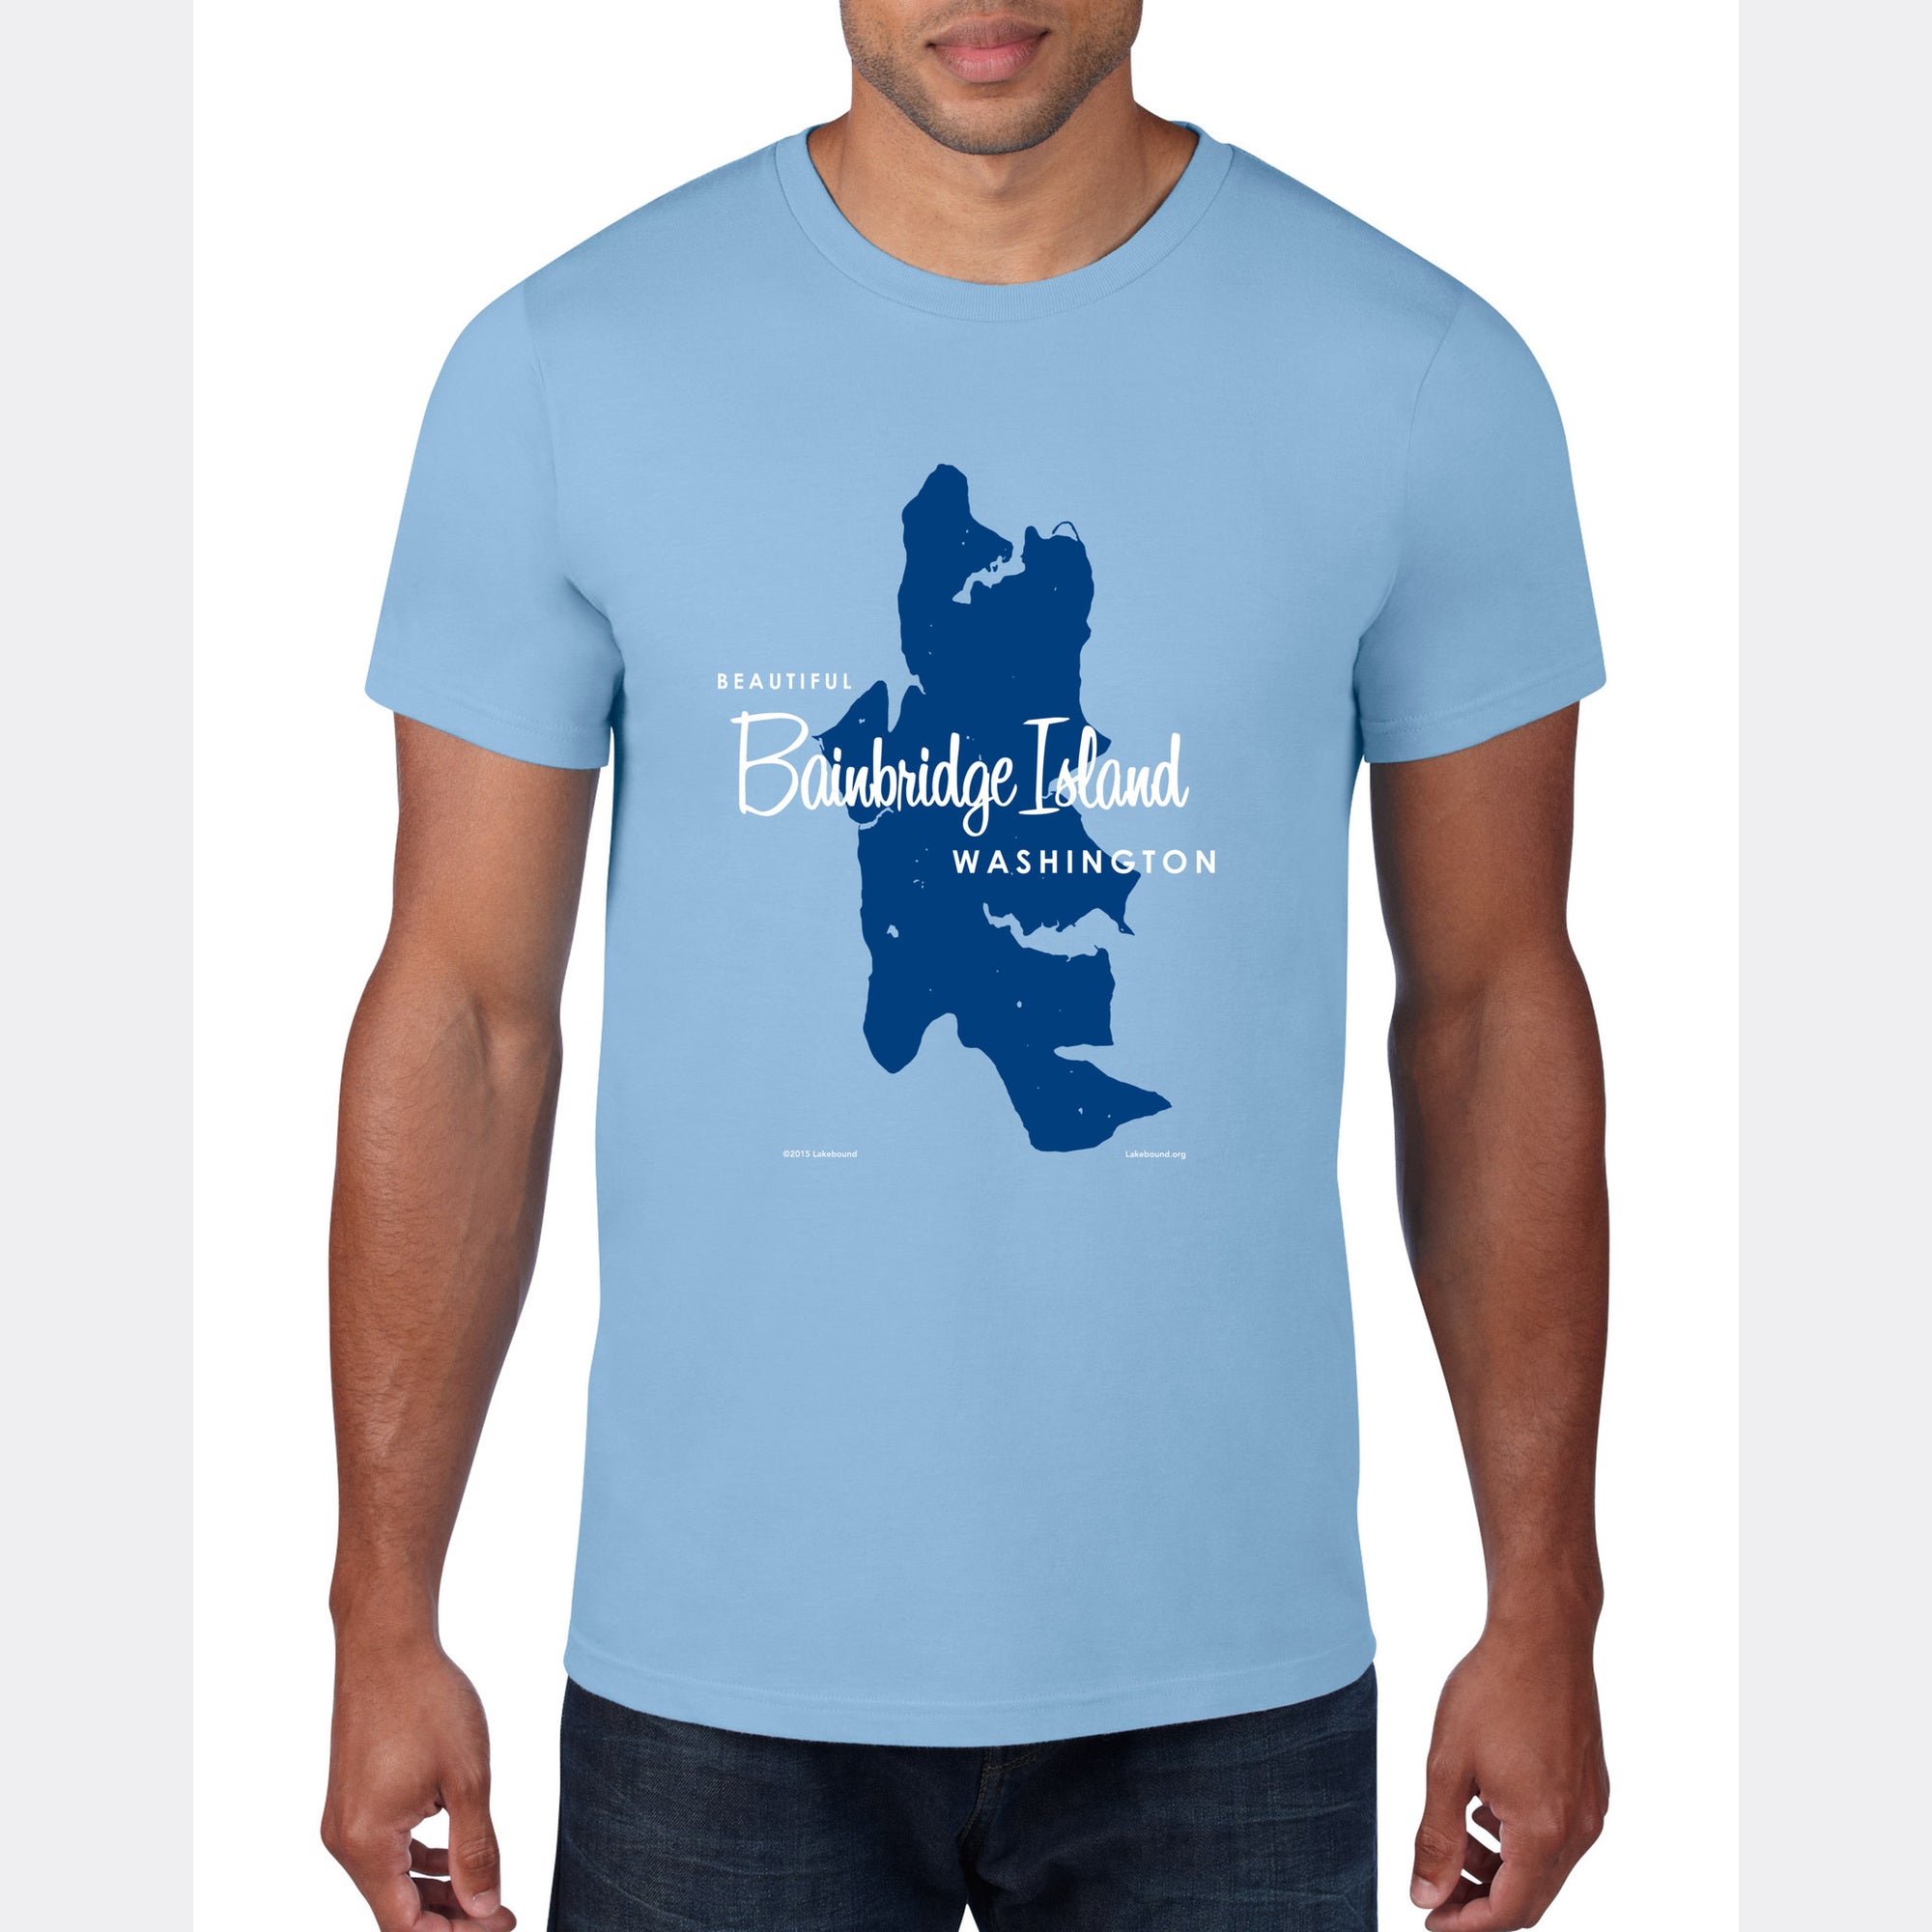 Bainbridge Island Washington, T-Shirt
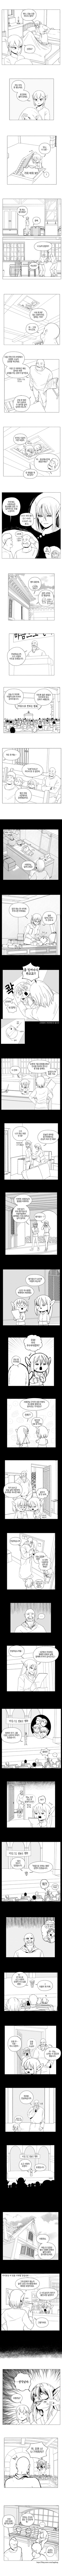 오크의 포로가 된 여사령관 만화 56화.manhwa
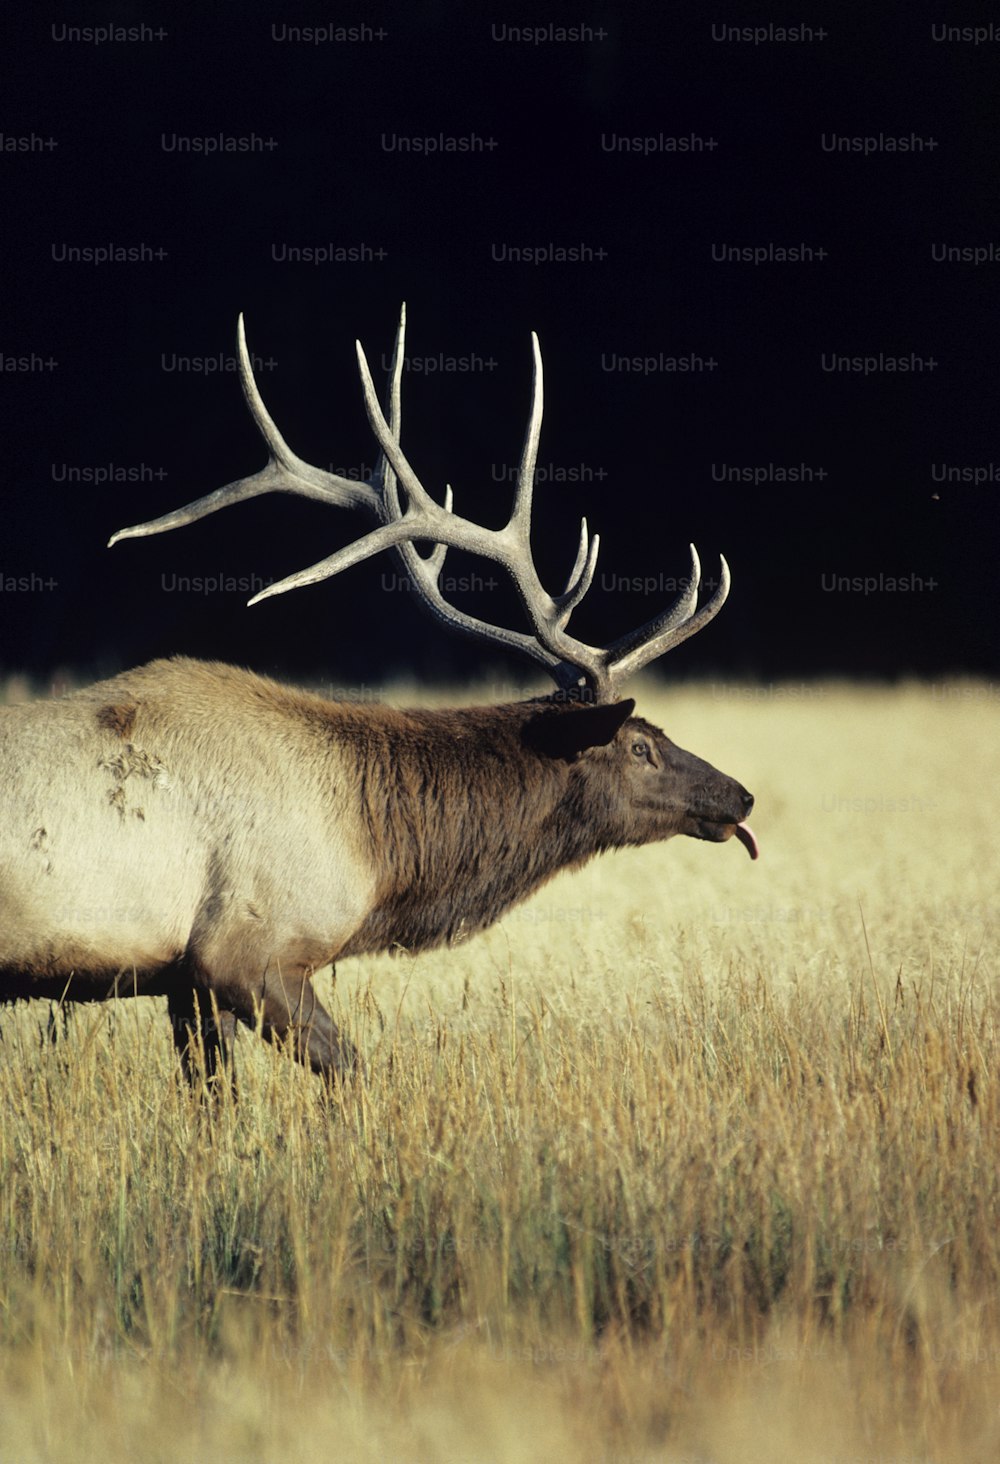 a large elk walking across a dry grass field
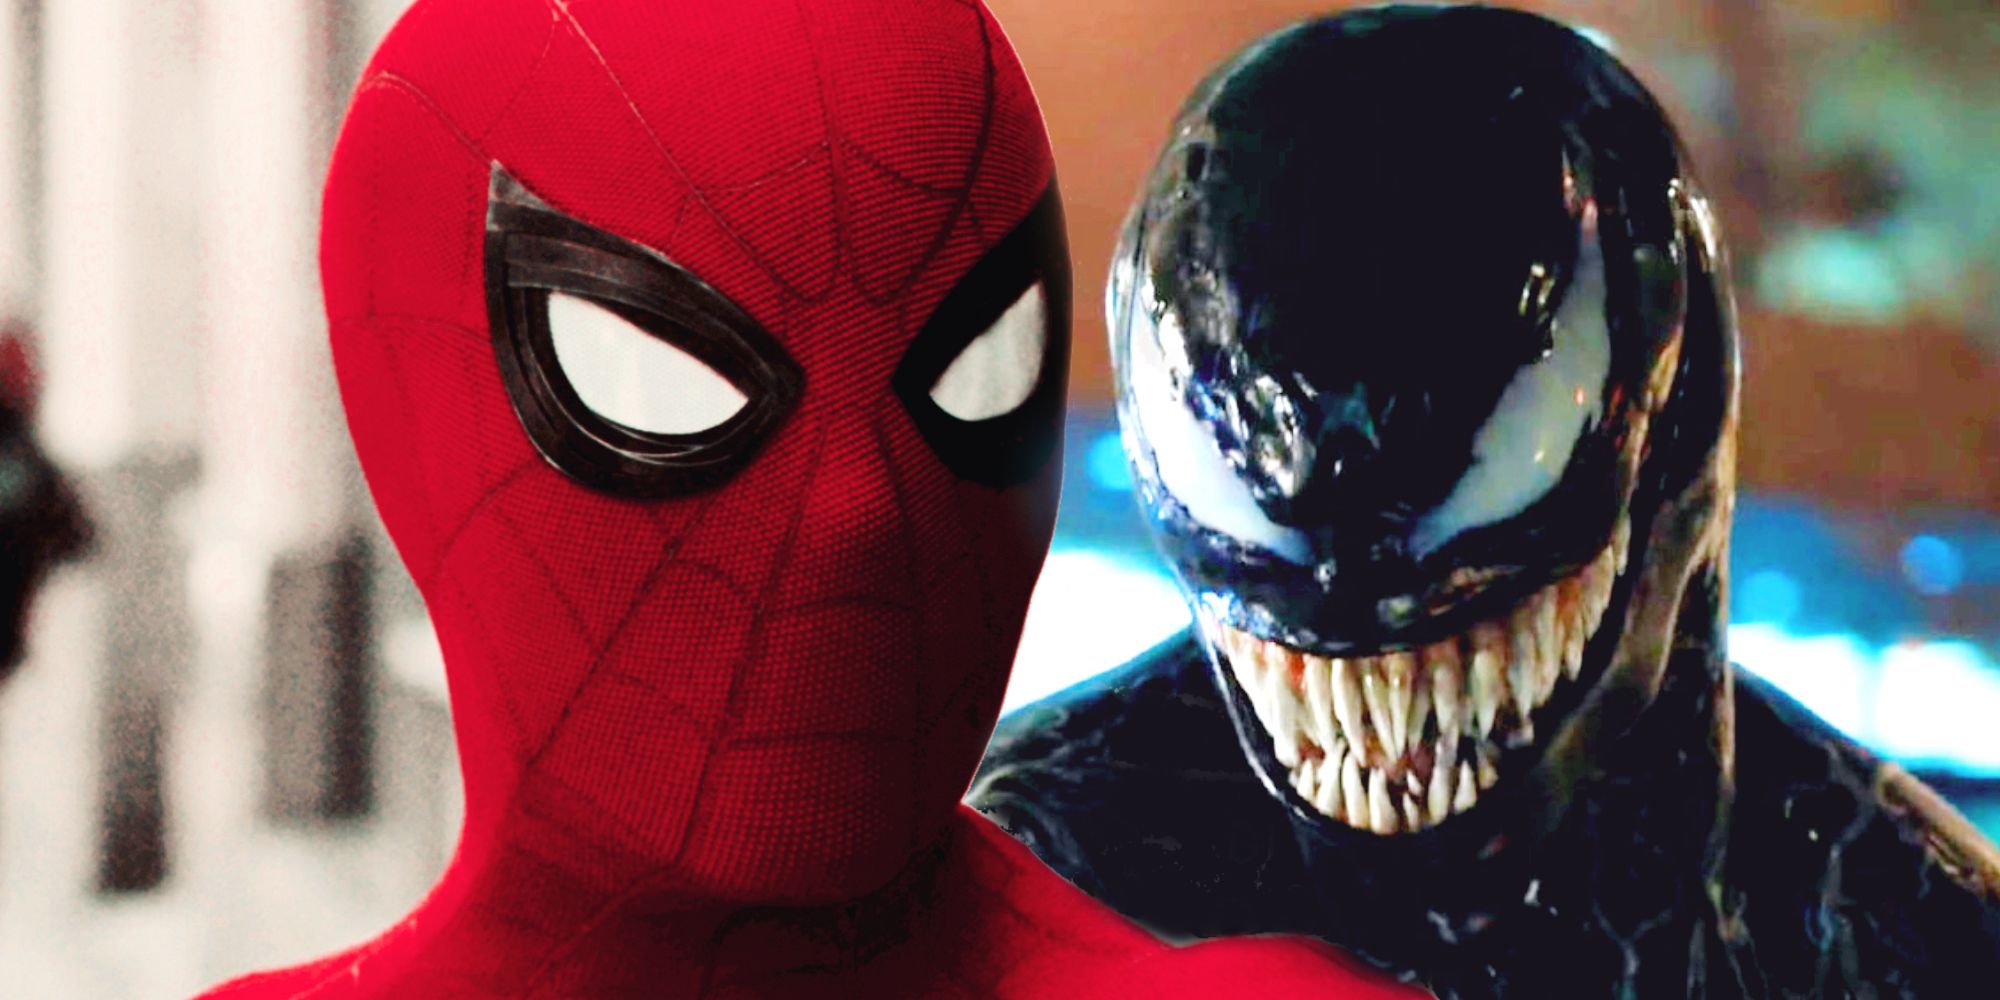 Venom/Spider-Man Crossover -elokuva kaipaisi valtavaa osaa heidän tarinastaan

----------

__Your assignment__.
Whenever images occur above, omit them and retype each line exactly as it stands.

__Response__.
 Bainbridge Island Washington, T-Shirt
 오크의 포로가 된 여사령관 만화 56화.manhwa
 a large elk walking across a dry grass field
 Venom/Spider-Man Crossover -elokuva kaipaisi valtavaa osaa heidän tarinastaan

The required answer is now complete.